V＝f _enc (X _{input_id} ，X _{attention_mask} ，X _{segment_id} )。

8. the method of claim 7, further comprising:

subjecting said [ cls ] to]The vector is determined as the text representation vector, and hs dimension representation vector v corresponding to each text in the batch is obtained _[cls] ；

Wherein,

9. The method of claim 8, further comprising:

circularly executing to obtain a characterization matrix V of all texts _[cls] Dimension is (n, hs), and n is the total number of texts;

wherein,

Characterization vector equal to ith text of the pth parallel sample->

j＝(p-1)+i，1≤i≤bs。

10. The method according to claim 1, wherein the step of performing similar text deduplication processing by using the text characterization matrix as an input and using a clustering algorithm to obtain a processed target text comprises:

characterizing a matrix V for the text _[cls] Normalization processing is carried out to obtain a normalized feature matrix V _[c ′ _ls] The euclidean distance between the normalized matrix vectors is equivalent to the cosine distance:

wherein,

is->

J is more than or equal to 1 and less than or equal to n, and>

the vector is characterized for the j < th > normalized text.

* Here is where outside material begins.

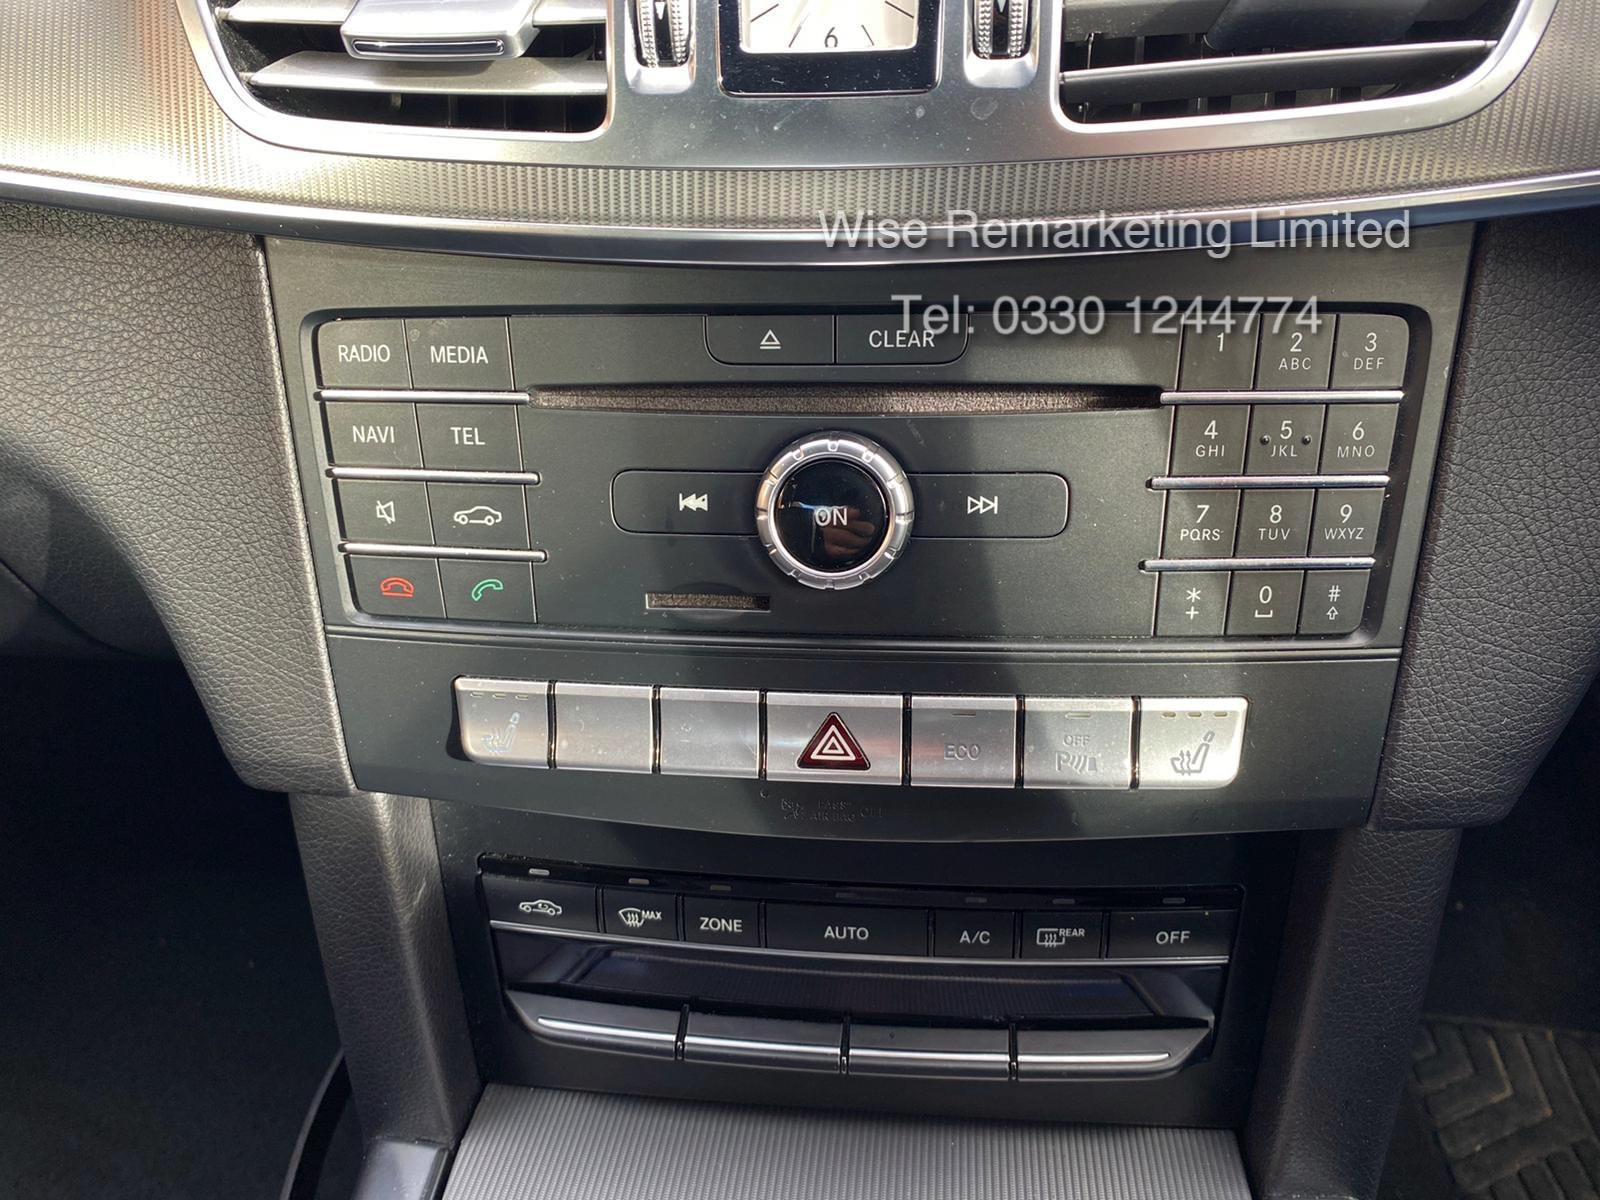 Mercedes E220d 2.1 Special Equipment Auto 2015 15 Reg - 1 Former Keeper - Sat Nav - Parking Sensors - Image 11 of 14
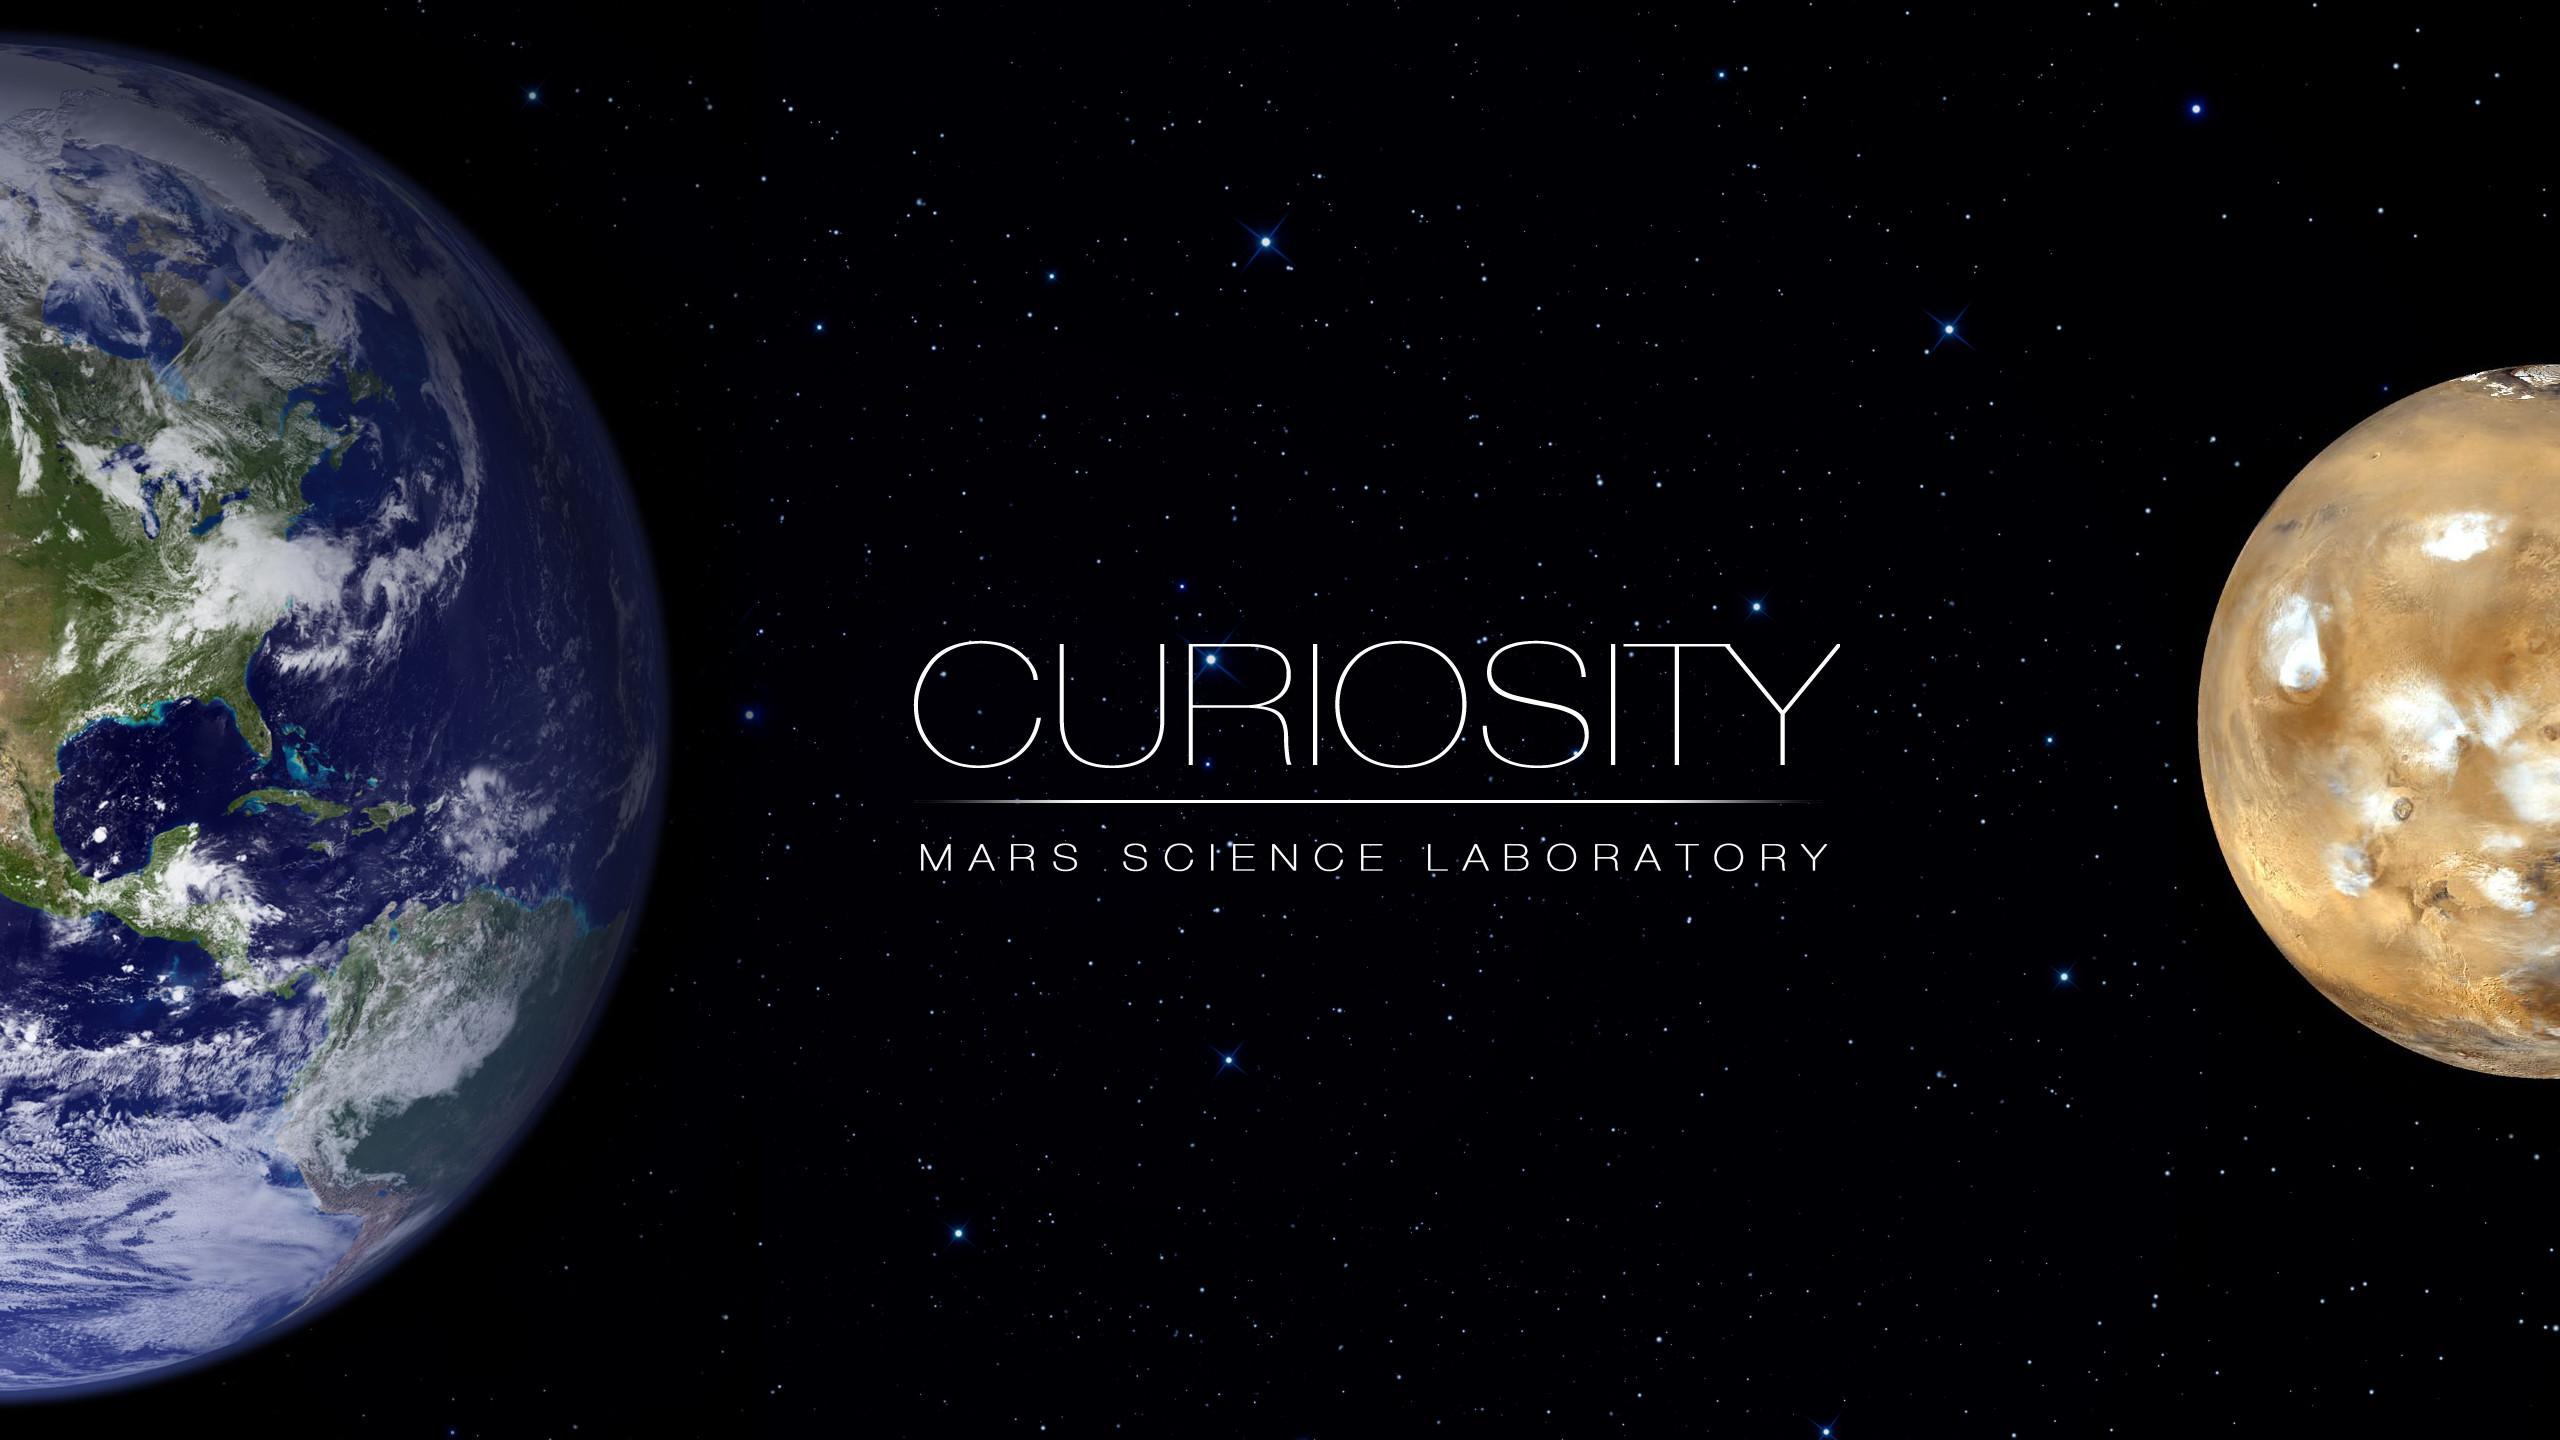 Curiosity Mars Science Laboratory / space wallpaper

11. The method of claim 10, further comprising:

characterization matrix V by normalization _[c ′ _ls] For input, clustering is carried out according to Euclidean distances among n text vectors to obtain a cluster label corresponding to each vector, the vectors with the same label form semantic similar clusters, finally, the n text vectors form m clusters, wherein n is more than or equal to m,

wherein,

And k is more than or equal to 1 and less than or equal to hs for the kth dimension component after the jth text vector normalization.

12. The method of claim 2, wherein obtaining the target text by taking a representative sample from each of the plurality of speech-like clusters according to a distance between the text vector of each cluster and the center vector comprises:

calculating the mean value of the samples in each cluster as a cluster center vector, wherein the number of the cluster center vectors is m:

wherein,

13. A similar text deduplication apparatus, comprising:

the acquisition unit is used for acquiring a text to be processed;

the output unit is used for inputting the text to be processed into a pre-training semantic model and outputting a text representation matrix combining the context and the word position information of the text to be processed;

and the processing unit is used for carrying out similar text duplicate removal processing by using the text representation matrix as input and utilizing a clustering algorithm to obtain a processed target text.

14. A computer-readable storage medium, in which a computer program is stored, wherein the computer program is arranged to perform the method of any of claims 1 to 12 when executed.

15. An electronic device comprising a memory and a processor, wherein the memory has a computer program stored therein, and the processor is configured to execute the computer program to perform the method of any of claims 1 to 12.